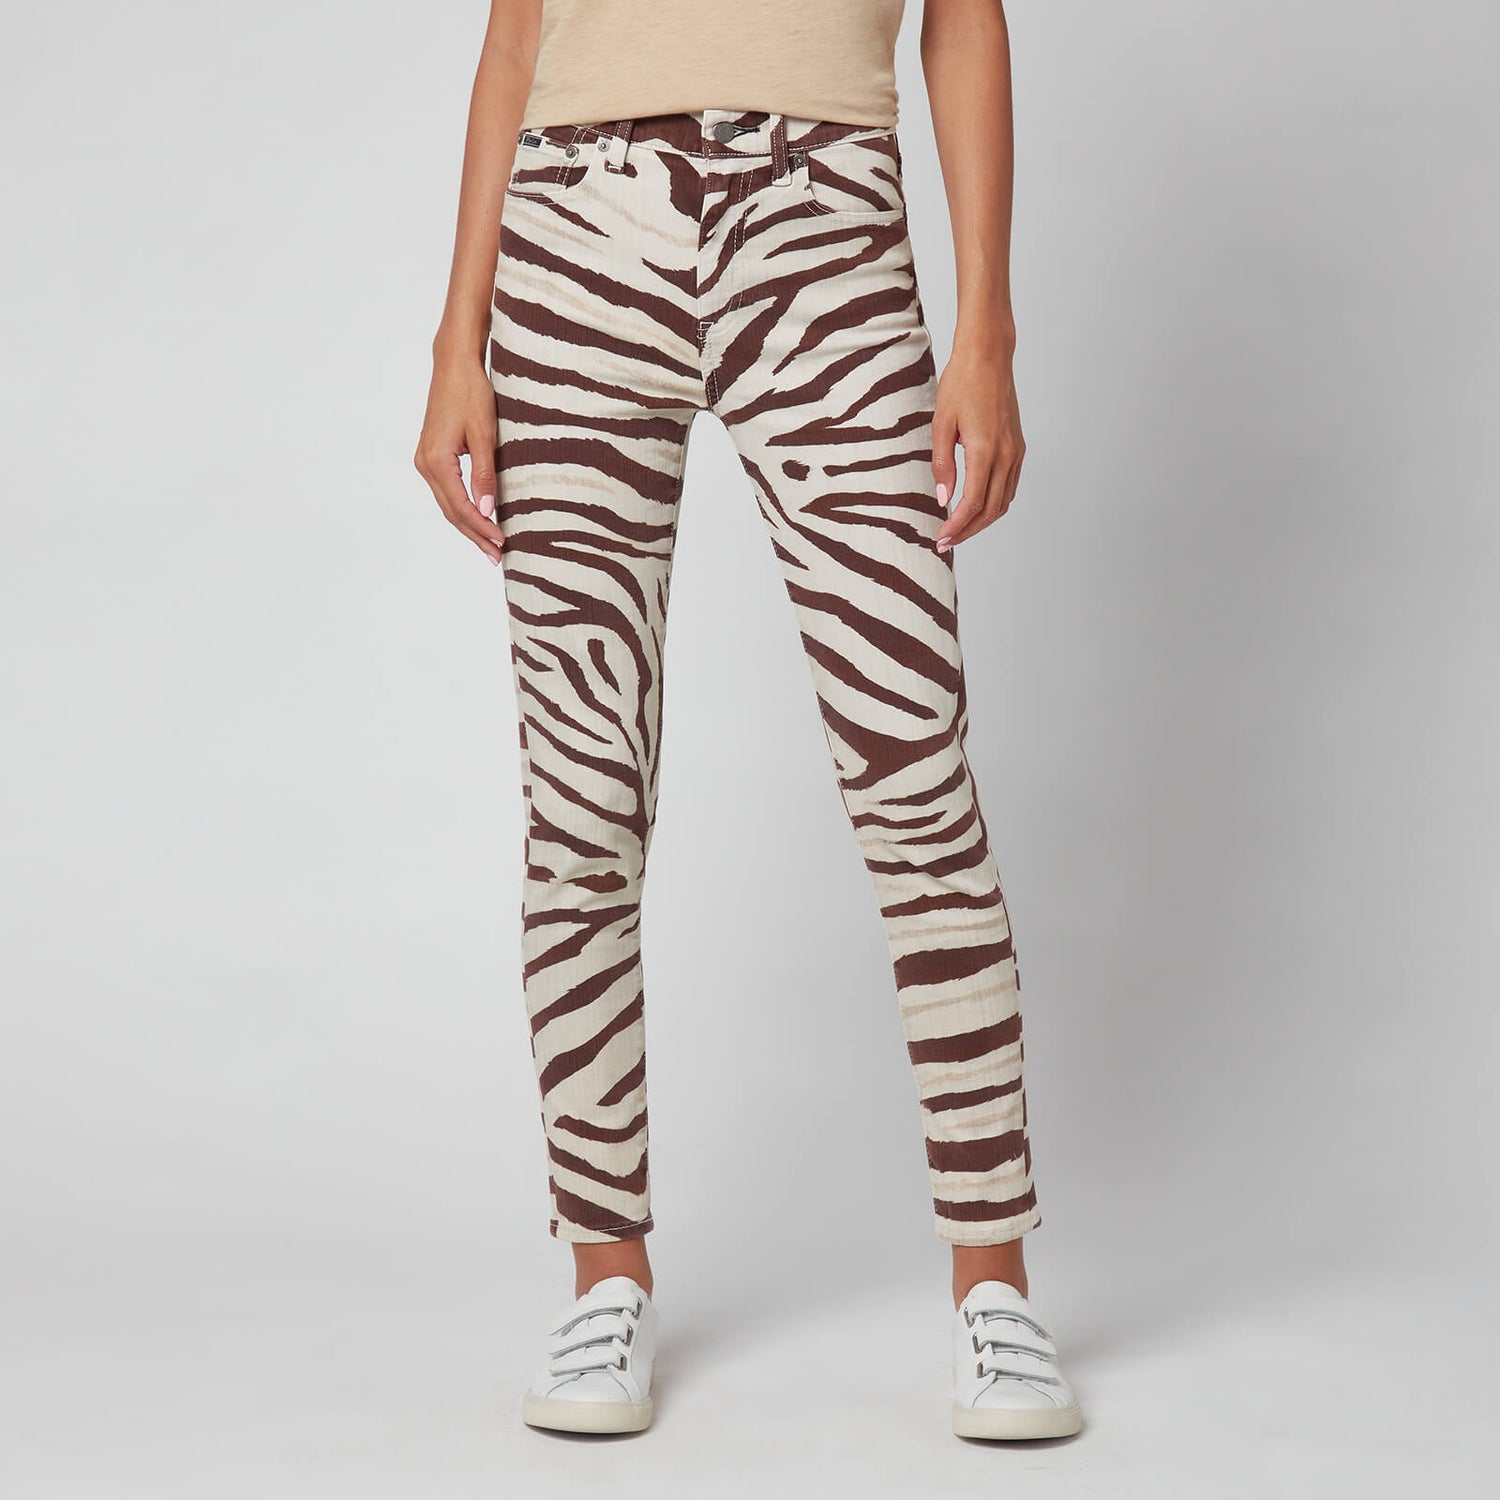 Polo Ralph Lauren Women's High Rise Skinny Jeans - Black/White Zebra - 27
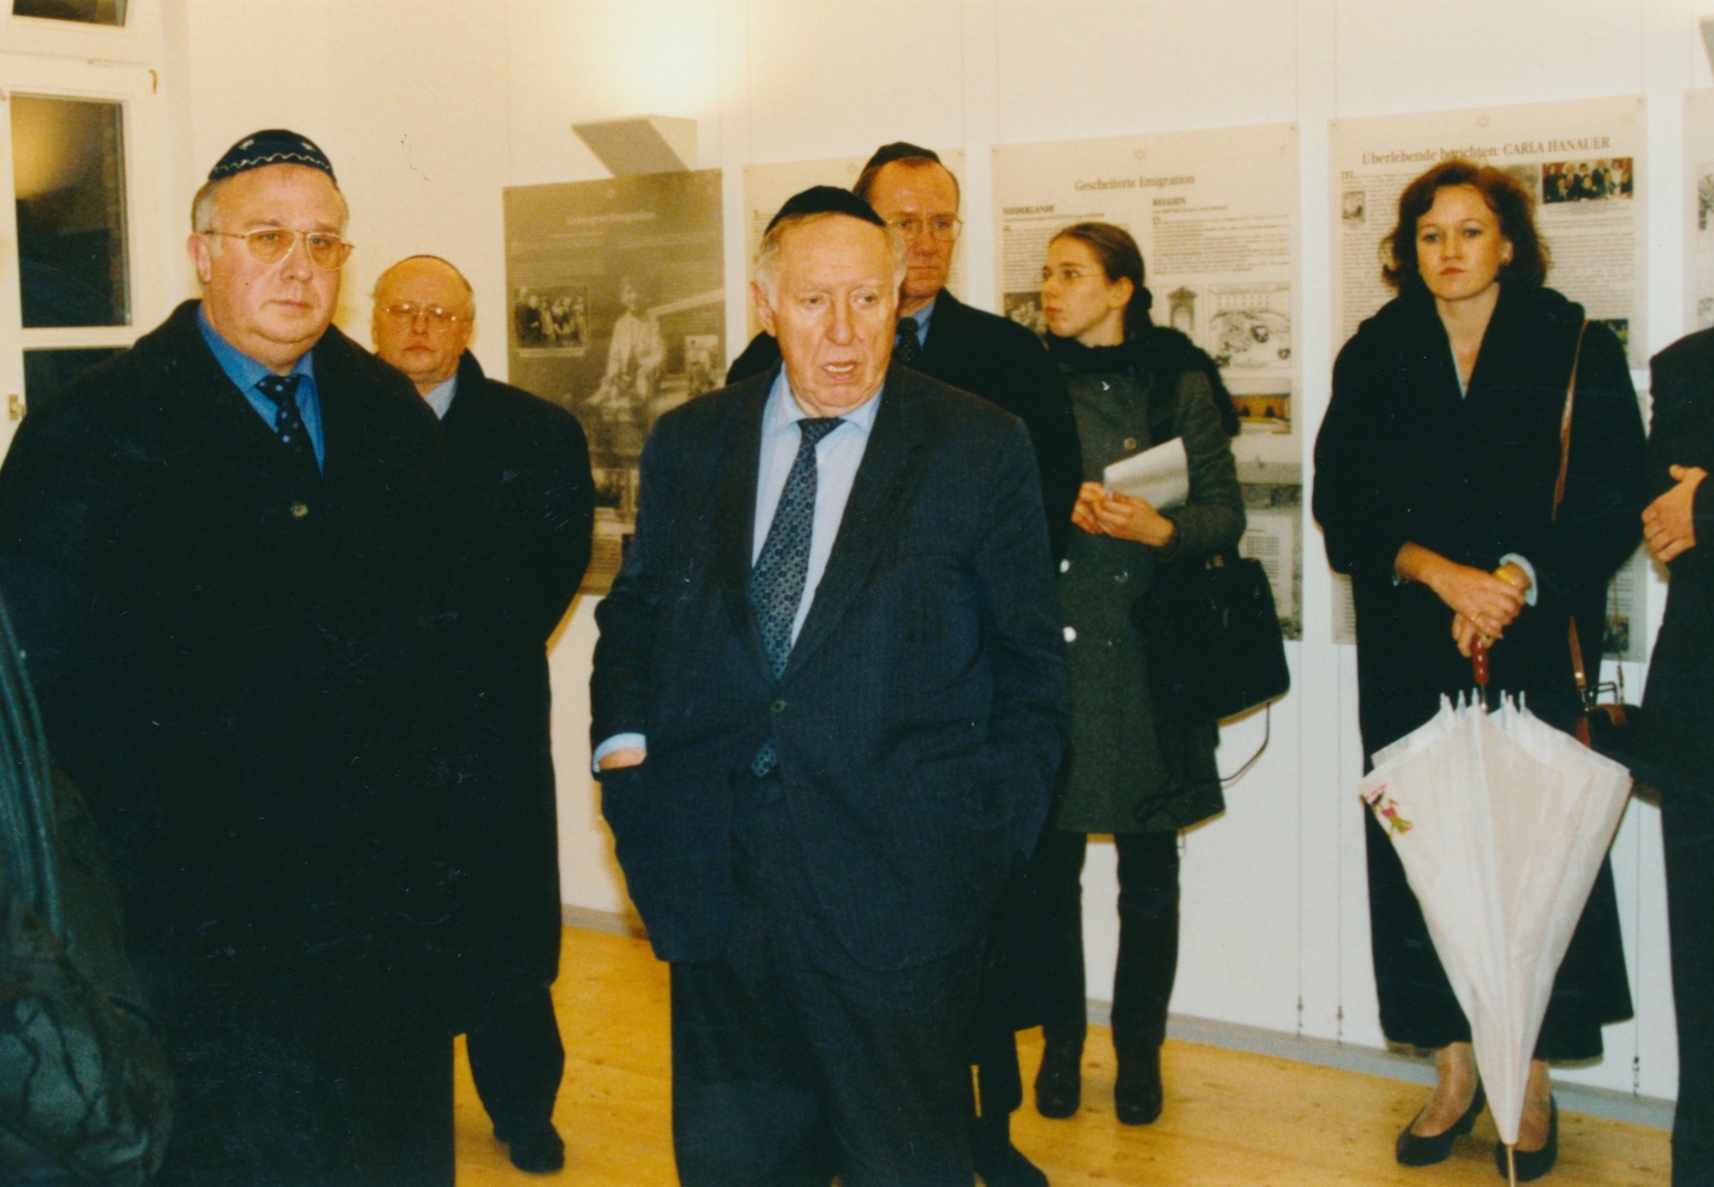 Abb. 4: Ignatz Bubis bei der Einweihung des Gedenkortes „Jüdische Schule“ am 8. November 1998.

==

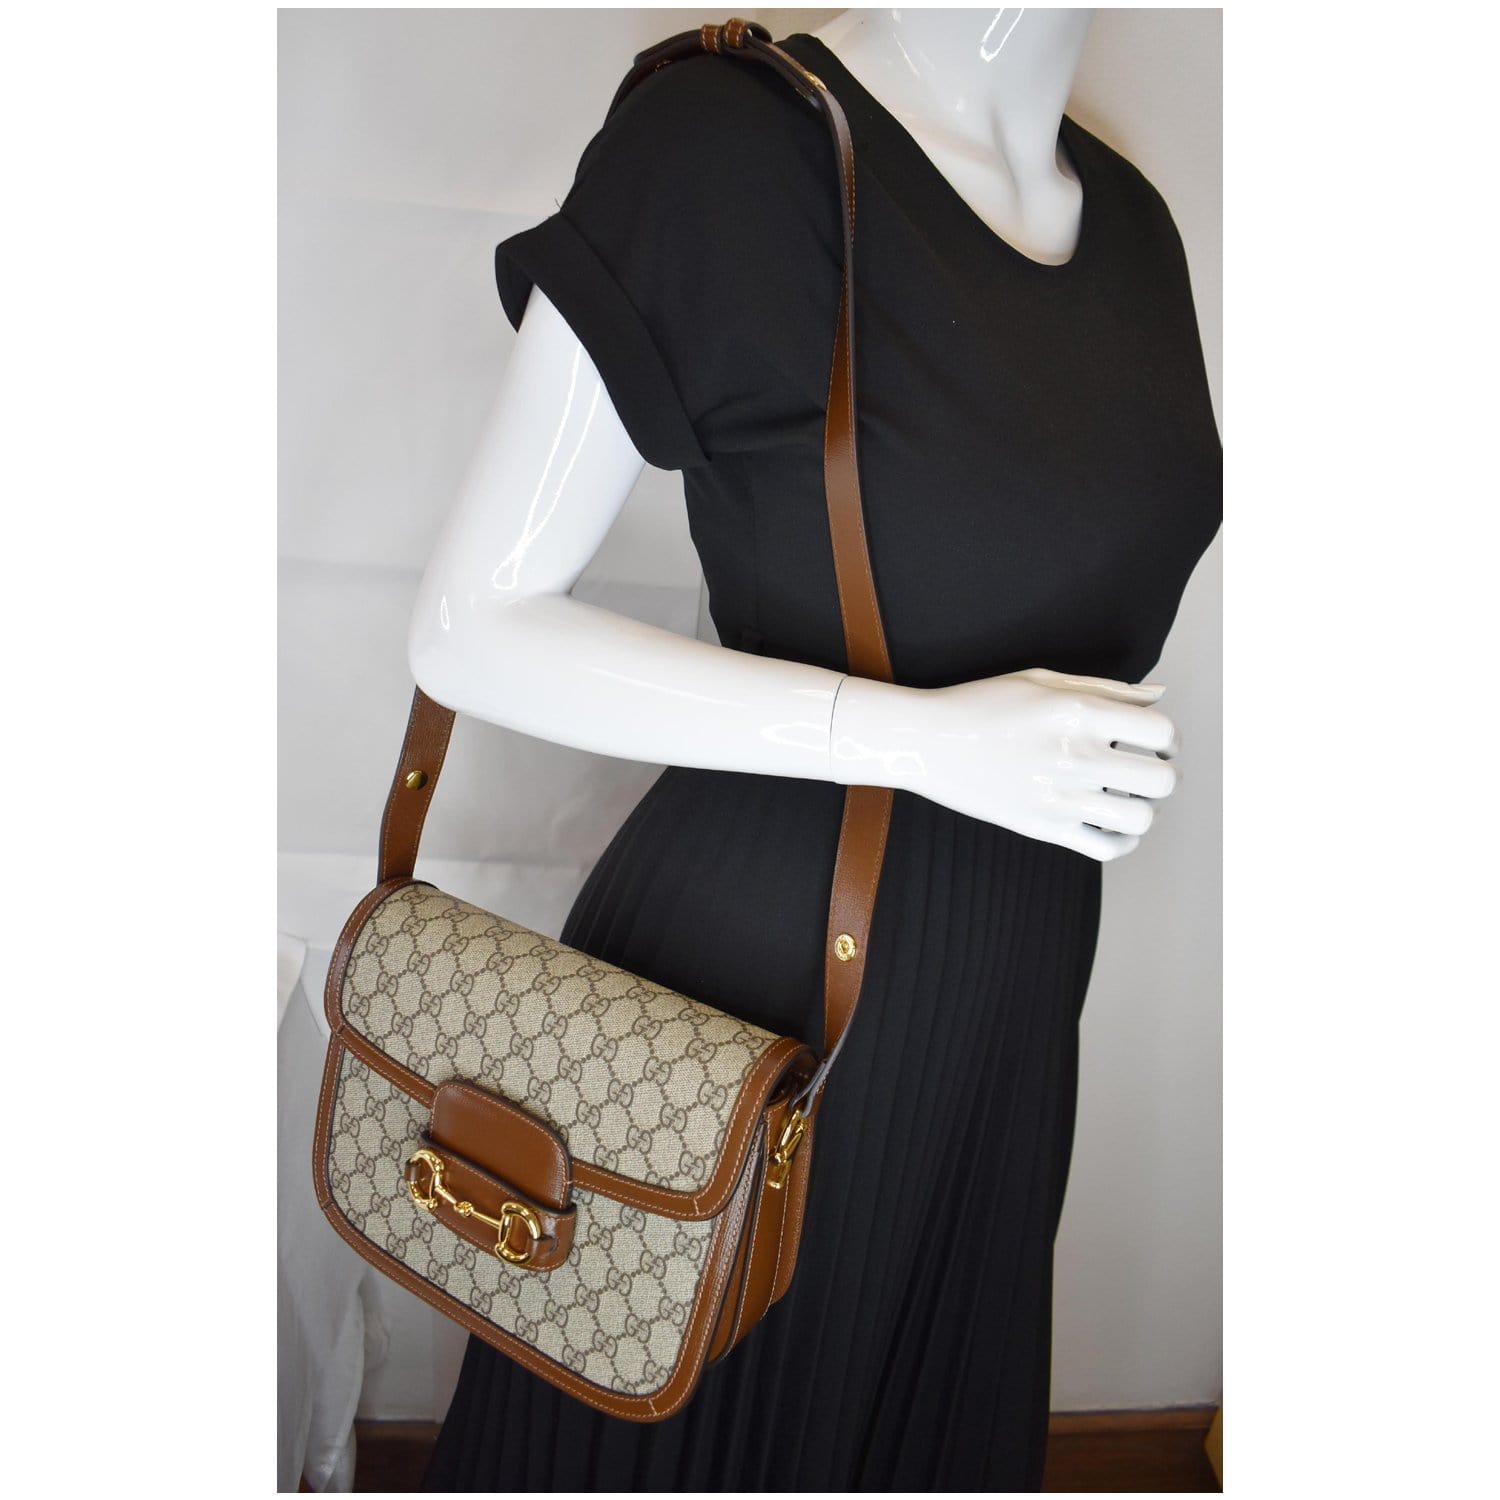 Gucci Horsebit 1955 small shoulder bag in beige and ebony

### WHAT IS REQUIRED
Using the data above, output the line that has "Polo Ralph Lauren", the line that has "Abb. 4: Ignatz", and whatever lines fall between, each exactly as it stands and without pictures.

### TASK SOLUTION
 Polo Ralph Lauren Women's High Rise Skinny Jeans - Black/White Zebra - 27
 Abb. 4: Ignatz Bubis bei der Einweihung des Gedenkortes „Jüdische Schule“ am 8. November 1998.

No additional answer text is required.